Par ses premières conclusions du 29 juillet 2025, l’appelant demande à la cour de':
— Recevoir son appel,
— le Déclarer fondé,
— Réformer la décision en ce qu’elle a : – Cantonné le commandement aux fins de saisie-vente signifié le 4 octobre 2024 à la Caisse d’Epargne Provence Alpes Corse à la requête de M., [F], [V] à la somme principale de 196.132,99 euros outre la somme réclamée au titre de l’article 700 du Code de Procédure Civile et les frais ; – Rejeté toute demande plus ample ou contraire au présent dispositif ; ' Condamné M., [F], [V] aux dépens de la procédure ; – Condamné M., [F], [V] à payer à la Caisse d’Epargne Provence Alpes Corse la somme de 2.500 euros au titre de l’article 700 du Code de Procédure Civile.

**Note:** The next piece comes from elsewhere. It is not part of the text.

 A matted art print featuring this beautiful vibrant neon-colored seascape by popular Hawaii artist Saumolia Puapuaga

— Dire et Juger que le montant de la créance de monsieur, [F], [V], en l’état des décisions rendues et de l’exécution provisoire attachée à ces dernières, devra donc tenir compte :
Du calcul du taux légal et de la capitalisation dans les conditions fixées par l’arrêt du 27 novembre 2023 rendu par la cour d’appel de Saint Denis de La Réunion, aujourd’hui définitif, soit à compter du 24 novembre 1999 ;
De la majoration de cinq points, prévue à l’article L 313-3 du code monétaire et financier à compter du 6 janvier 2004, date de l’expiration du délai de deux mois suivant la signification du jugement de première instance du 15 novembre 2000 ;
De la compensation judiciaire prononcée par arrêt du 11 avril 2014 ;
Des sommes payées par la banque : soit le 15 octobre 2024 à hauteur de 113.741,39 euros et le 5 juillet 2025 à hauteur de 93.586,45 euros'; Le tout jusqu’au parfait paiement.

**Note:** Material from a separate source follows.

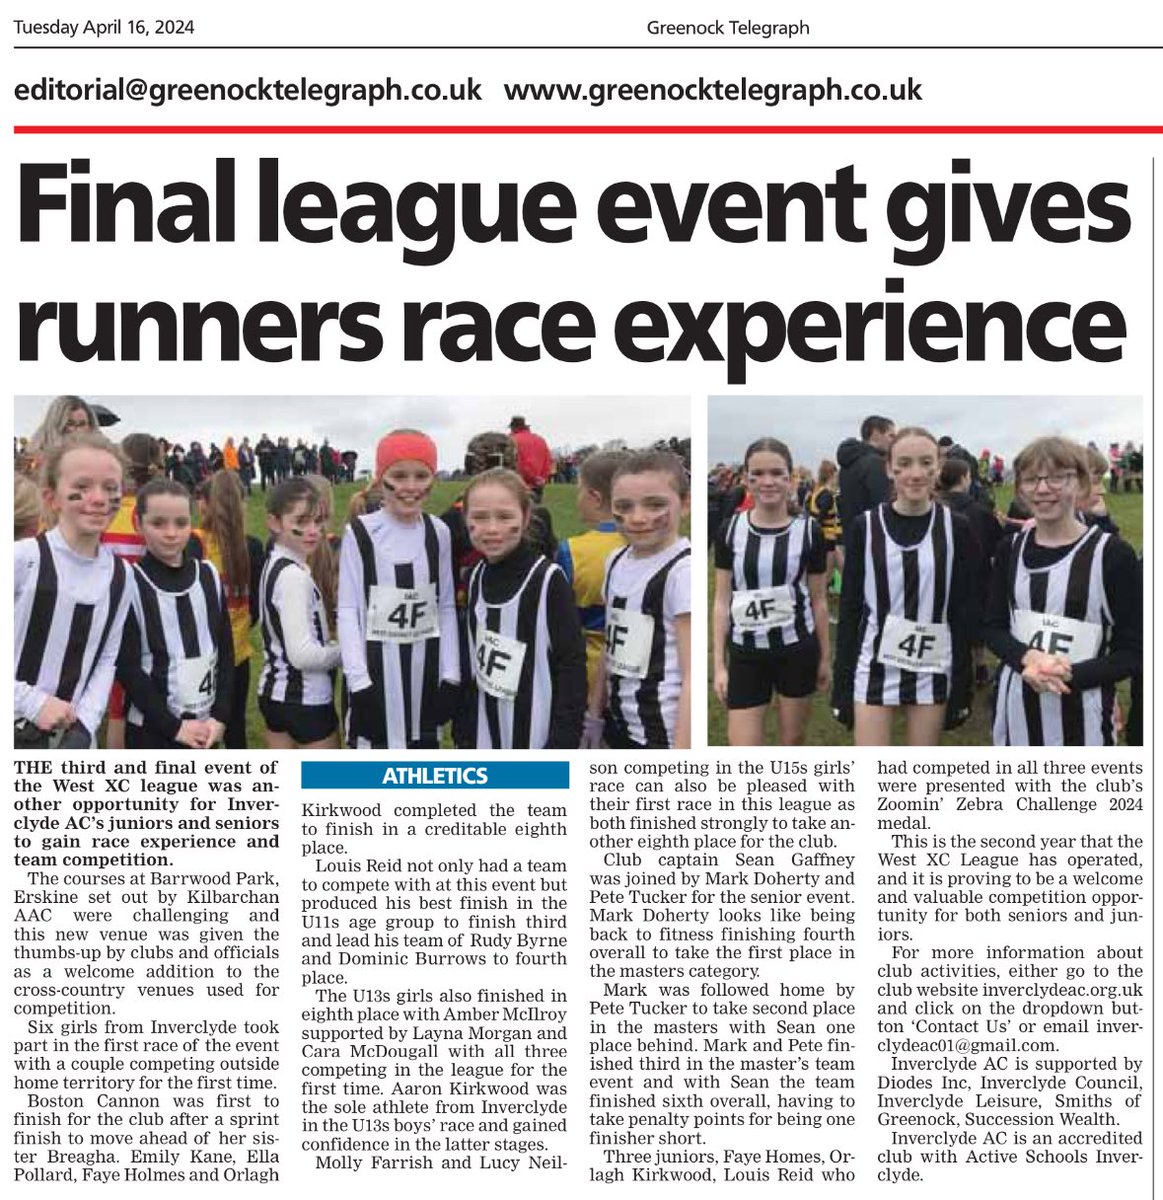 The final event of the West District XC league features in today’s @greenocktele 👏👏👏

— Dire et Juger que le décompte figurant au commandement de saisie-vente délivré par le commissaire de justice était parfaitement fondé, car reposant sur l’application des décisions de justice rendues entre les parties et du code monétaire et financier ci-dessus indiqué.
En tout état de cause,
— Débouter la CEPAC venant aux droits de la Banque de La Réunion, de toutes ses demandes, fins et conclusions.
— Condamner la CEPAC, venant aux droits de la Banque de La Réunion, au paiement d’une somme de 6.000 euros sur le fondement de l’article 700 du code de procédure civile, outre les entiers dépens de l’instance qui comprendront les frais de commandement et d’exécution à venir.

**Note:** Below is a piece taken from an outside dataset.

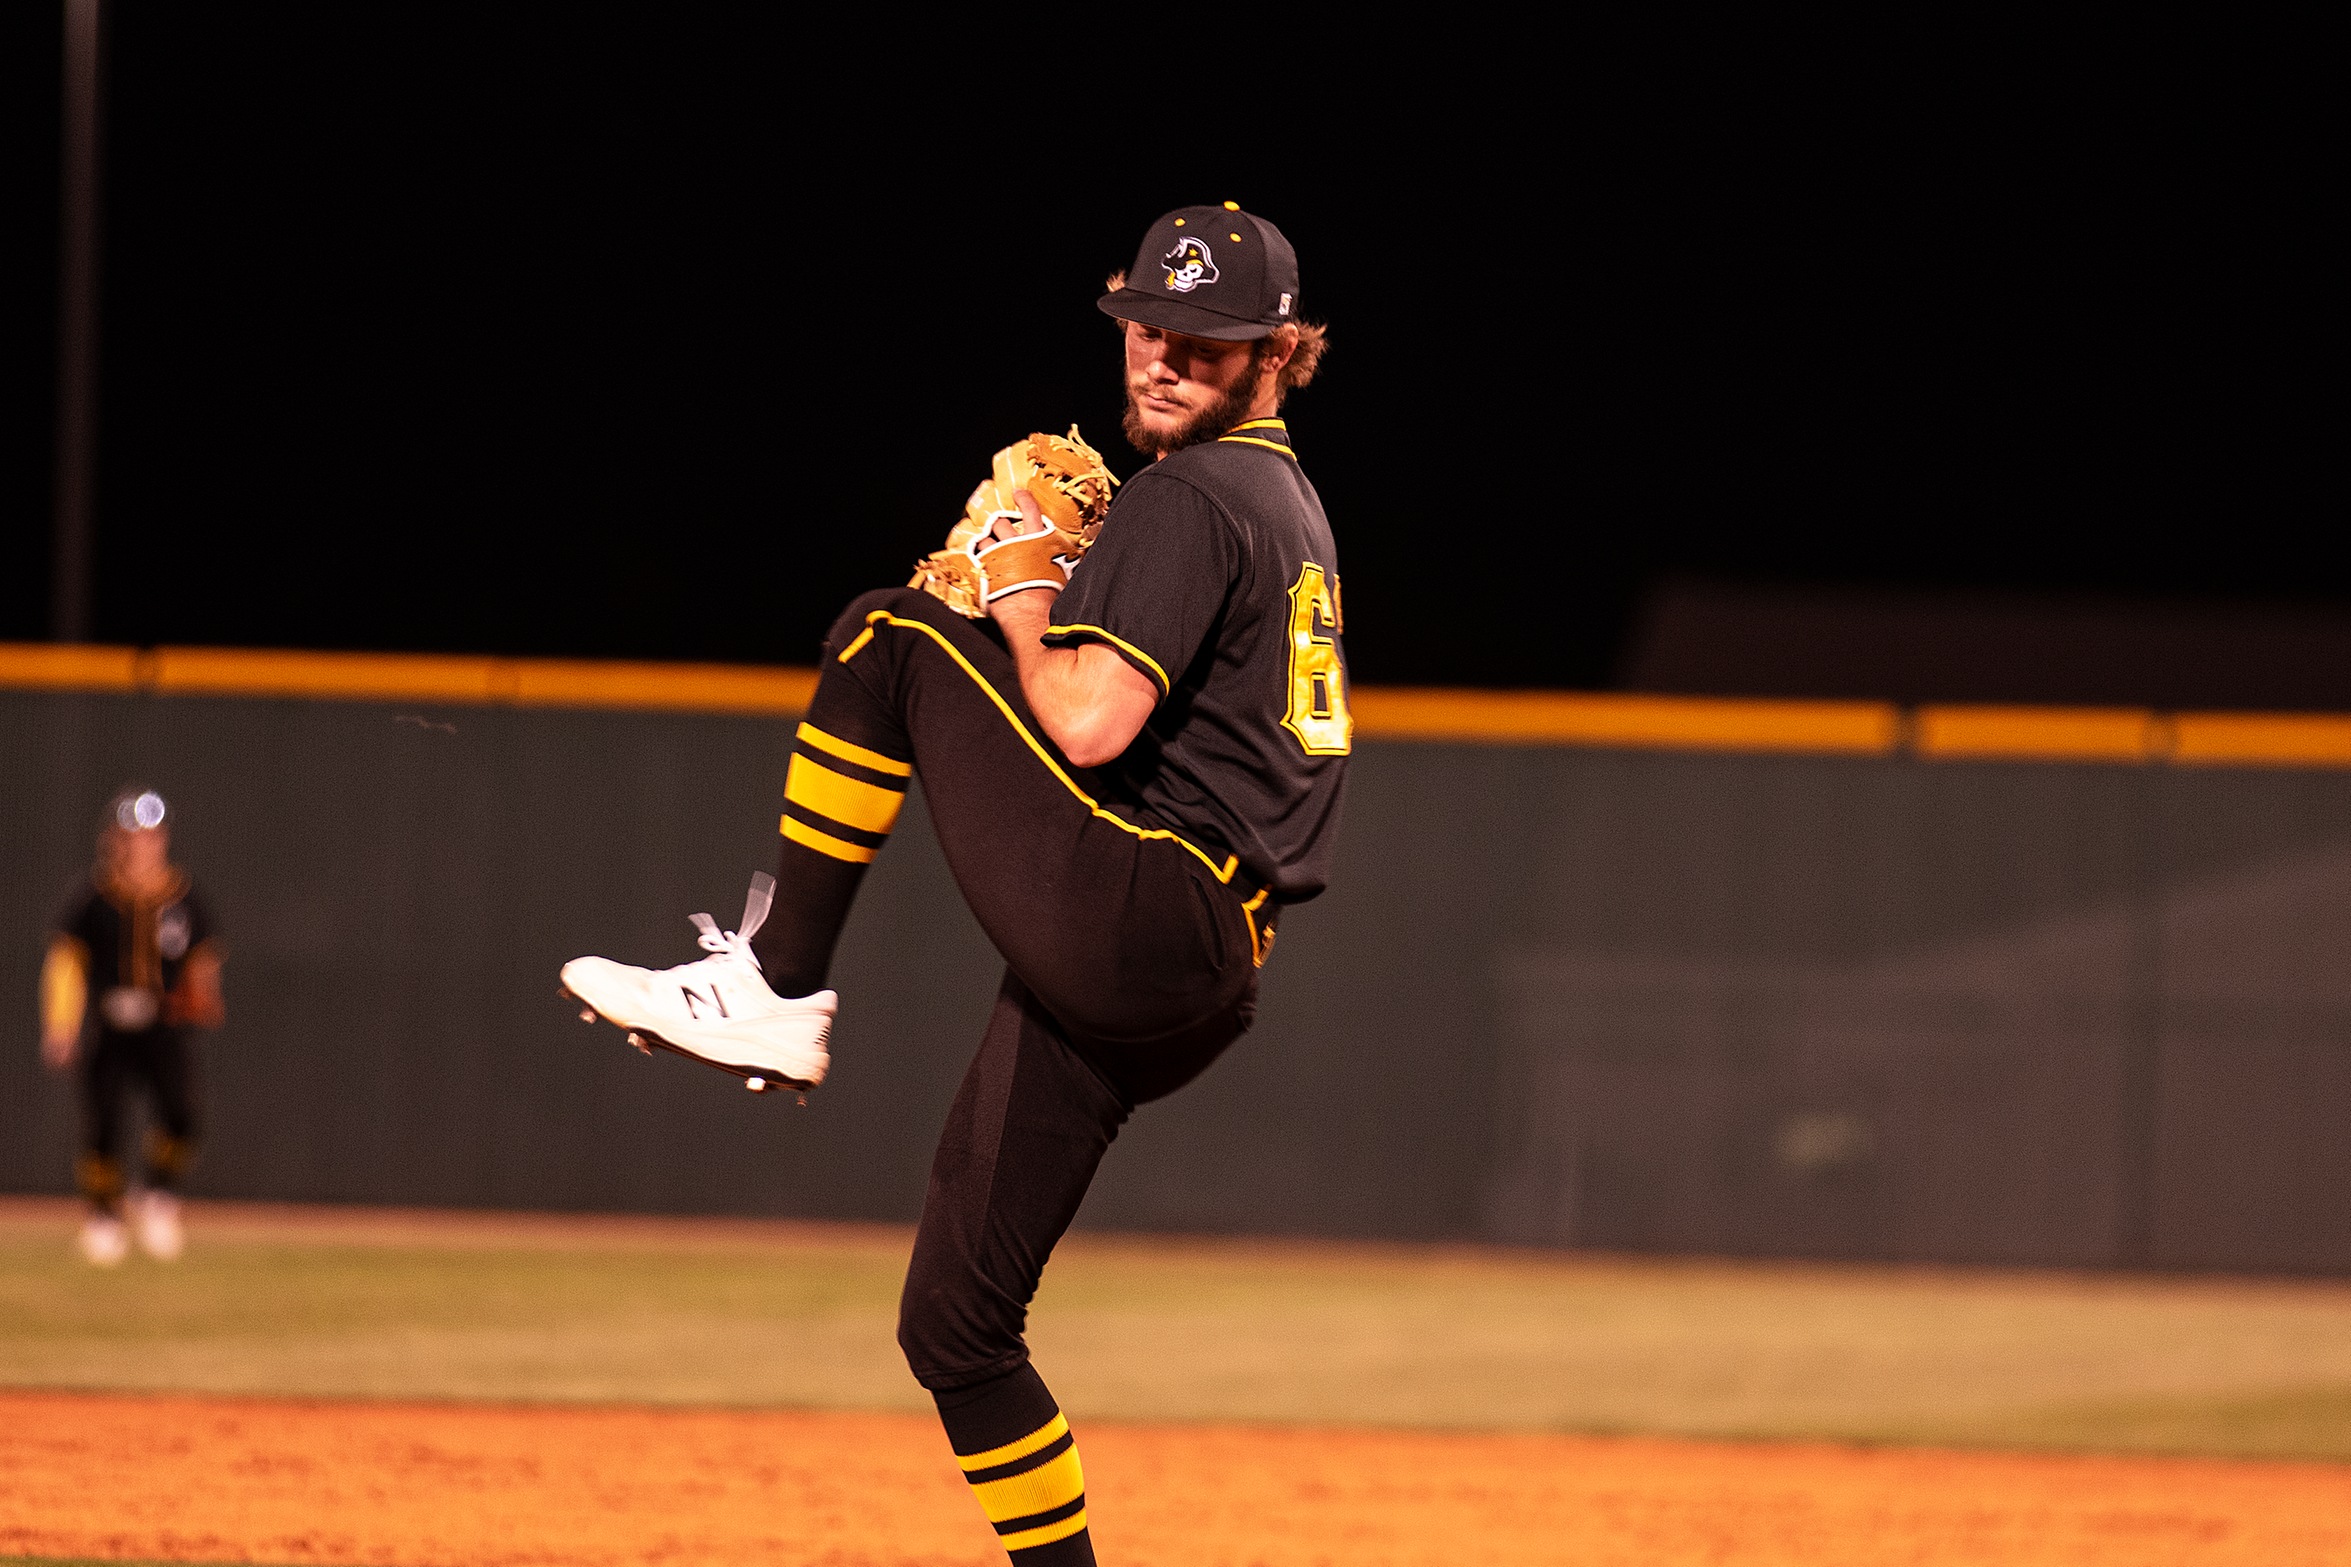 Second Inning Costs Baseball In Loss to McMurry

Il précise que le montant de la créance dont il poursuit le recouvrement a été calculé à partir':
— du jugement du 15 novembre 2000 qui a été rendu par le tribunal mixte de commerce de Saint Denis qui a condamné la Banque de La Réunion à une somme de 519.536,04 euros (3.408.308,59 francs) dont le premier juge a assorti sa décision de l’exécution provisoire, en limitant le montant au quart de la condamnation,
— de l’arrêt de la cour d’appel de Saint-Denis de la Réunion du 11 avril 2014 qui confirmait celui de 2000
— du dernier arrêt rendu le 27 novembre 2023 entre les parties qui complète les omissions de statuer de l’arrêt en date du 11 avril 2014, en précisant que les sommes qui bénéficient à monsieur, [V] seront assorties des intérêts cumulés à partir de l’assignation du 24 novembre 1999 ainsi que la capitalisation par année entière.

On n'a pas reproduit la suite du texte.